[Task details] Only the lines from the one that contains "Scribble 6 x 4 Acrylic Photo Frame" to the last line below, both included, should be transcribed. Pictures stay out of the copy.

[Dataset extract]
________

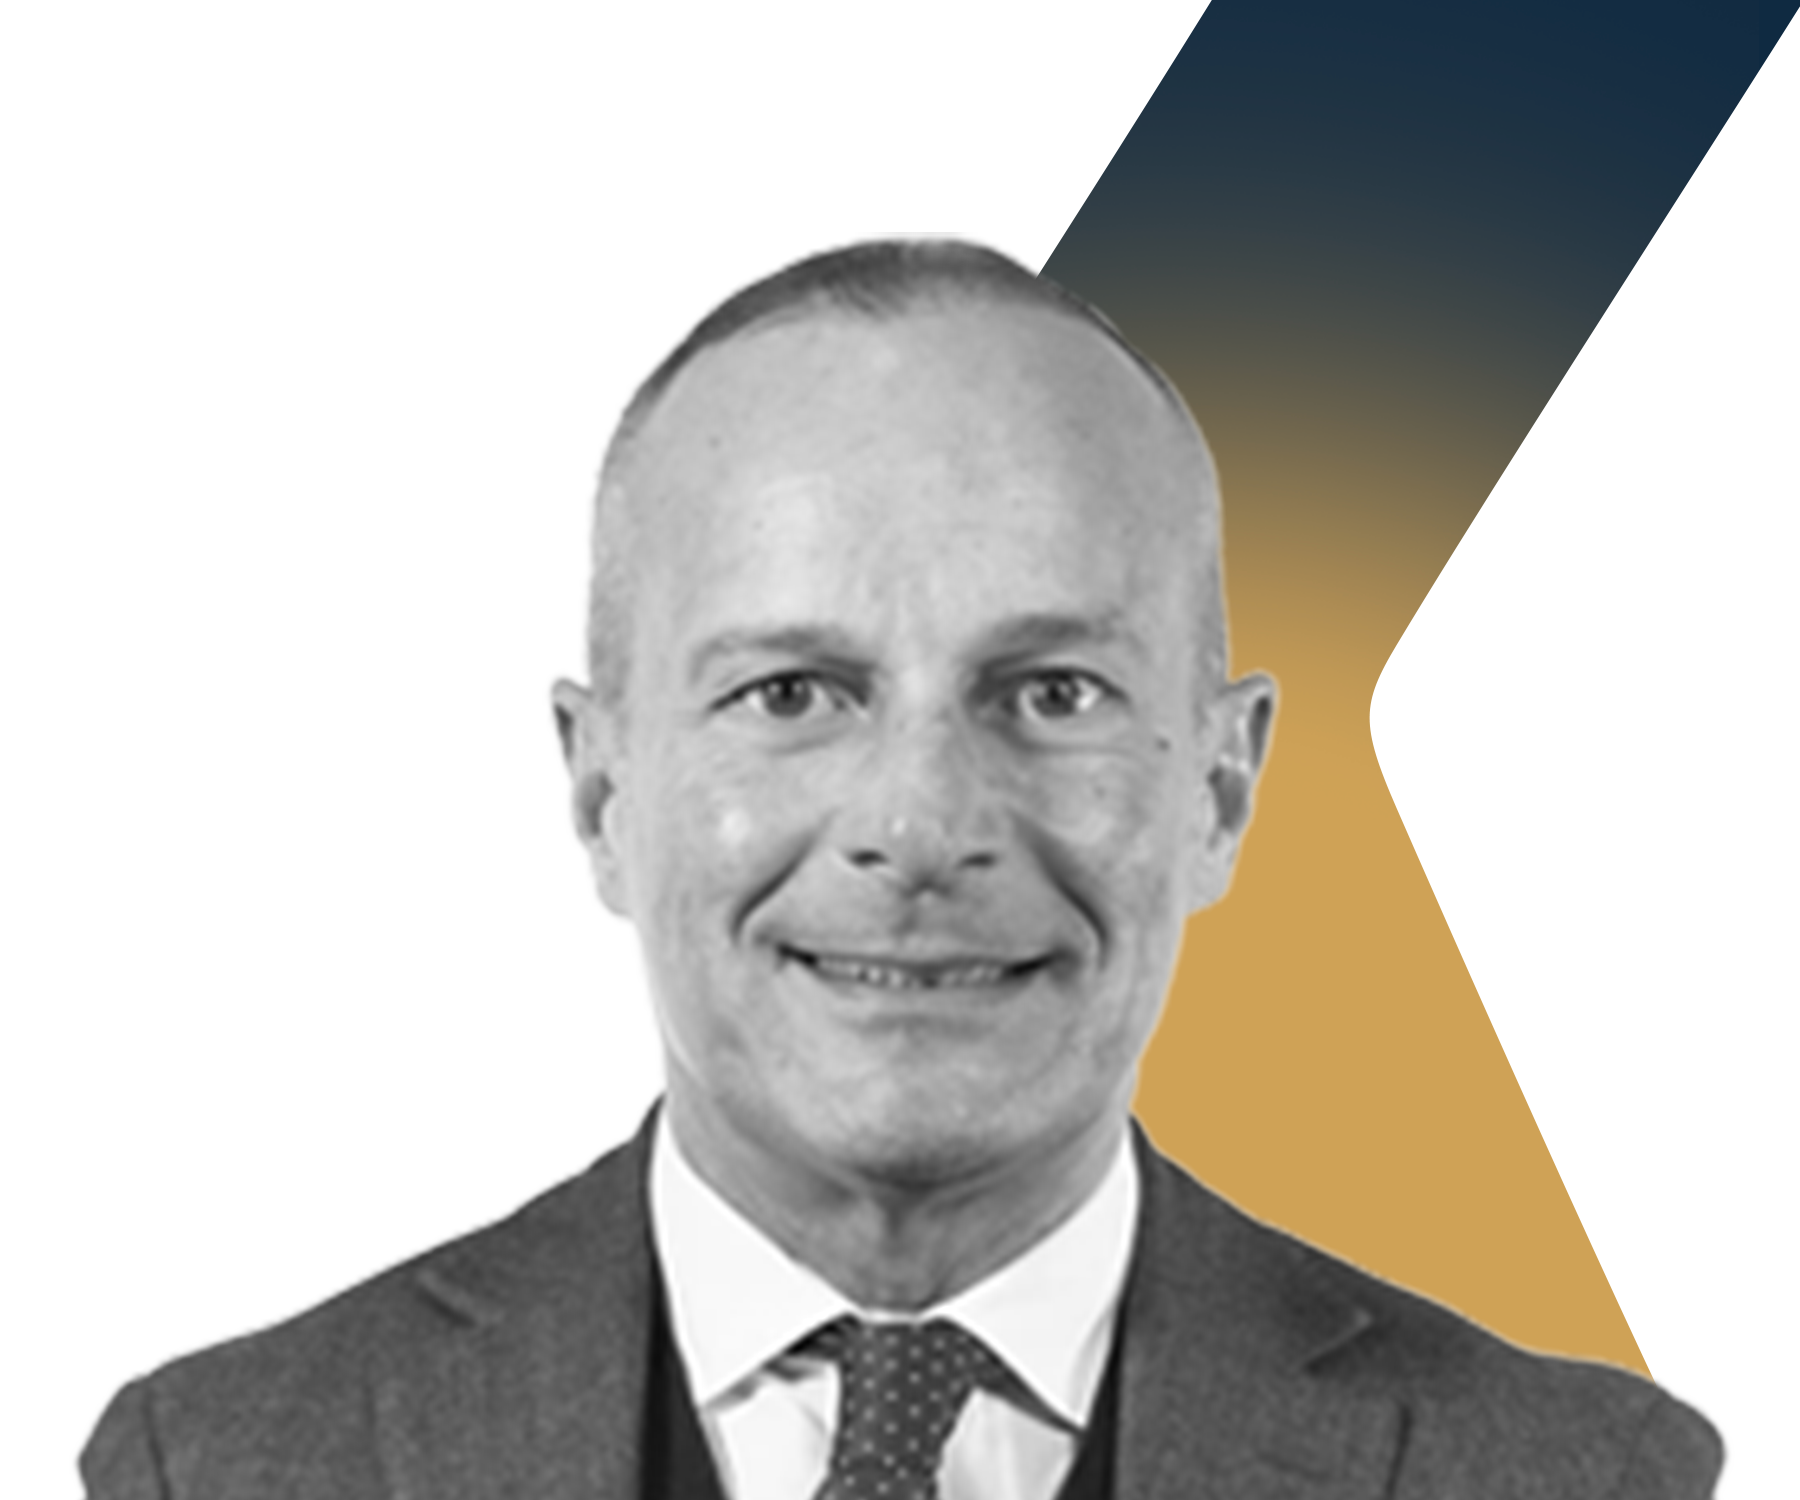 RICCARDO MAZZONI , Chief Credit Officer Pirelli Spa
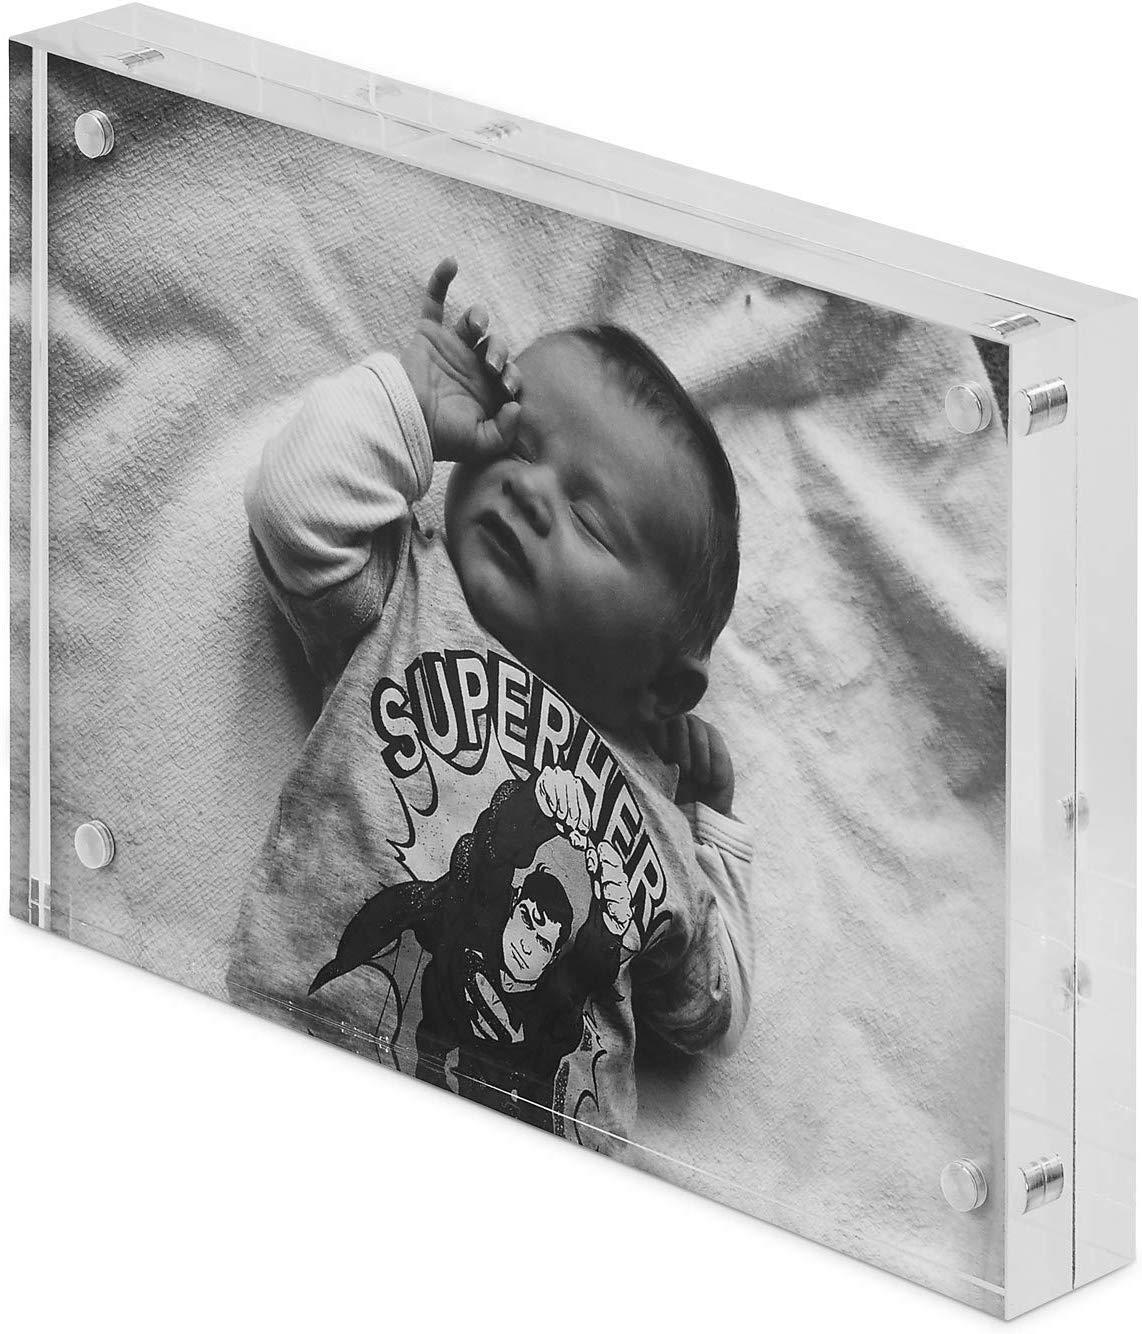 Scribble 6 x 4 Acrylic Photo Frame
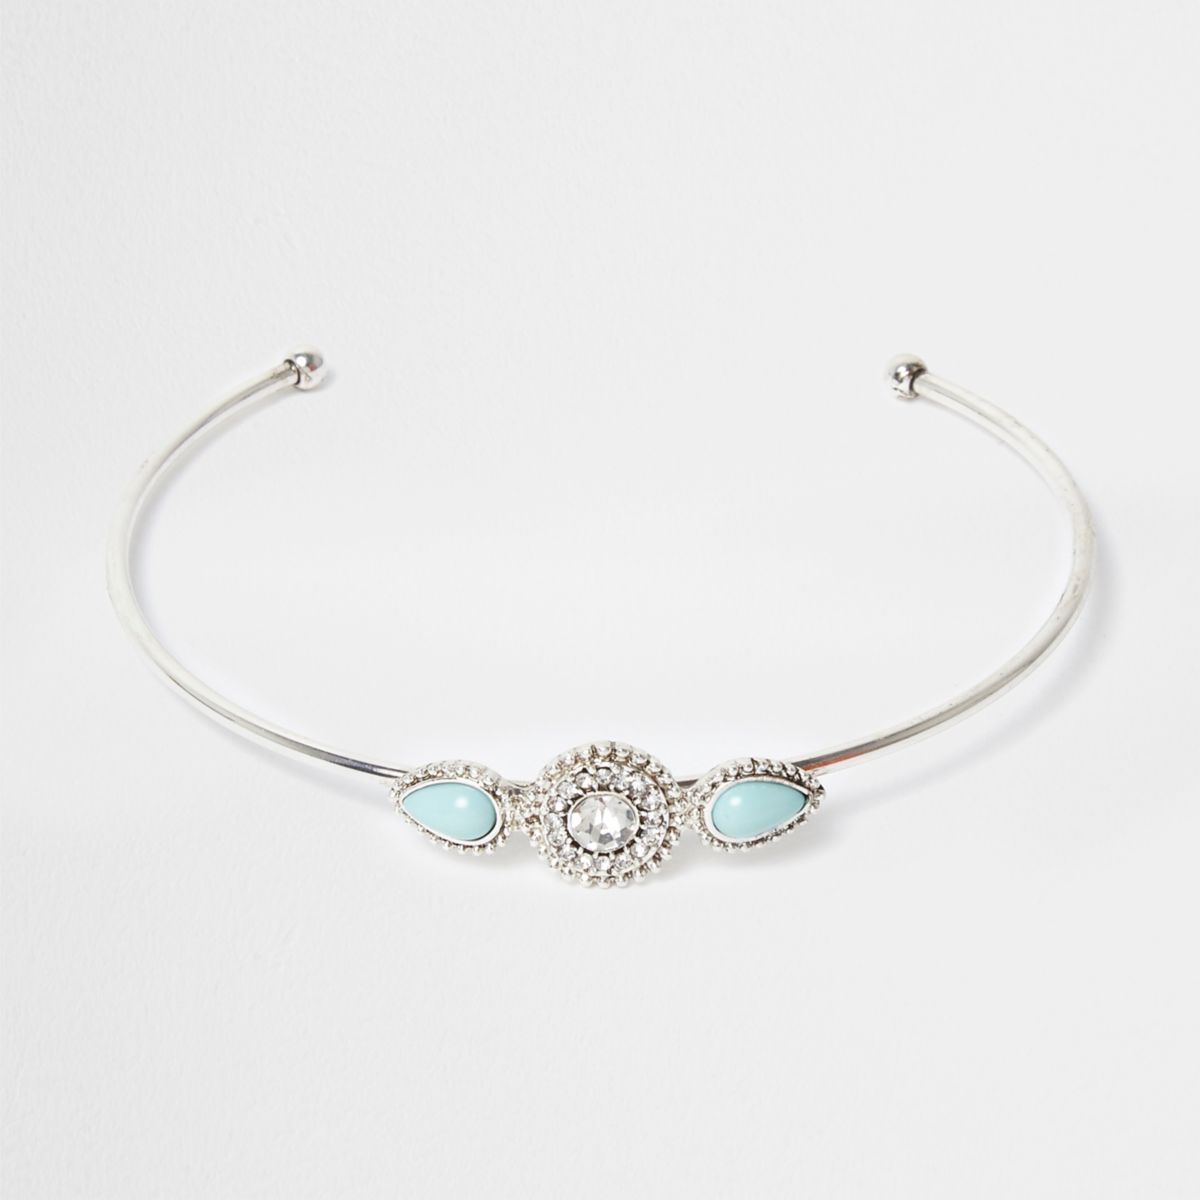 Silver tone turquoise stone arm cuff
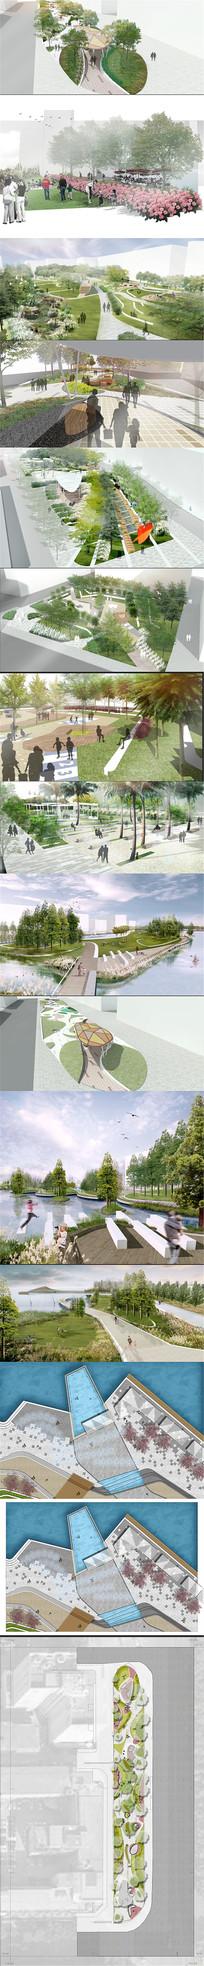 PSD分层国际竞赛风格公园滨水湿地

________

[Reply]
 Scribble 6 x 4 Acrylic Photo Frame
 Silver tone turquoise stone arm cuff
 PSD分层国际竞赛风格公园滨水湿地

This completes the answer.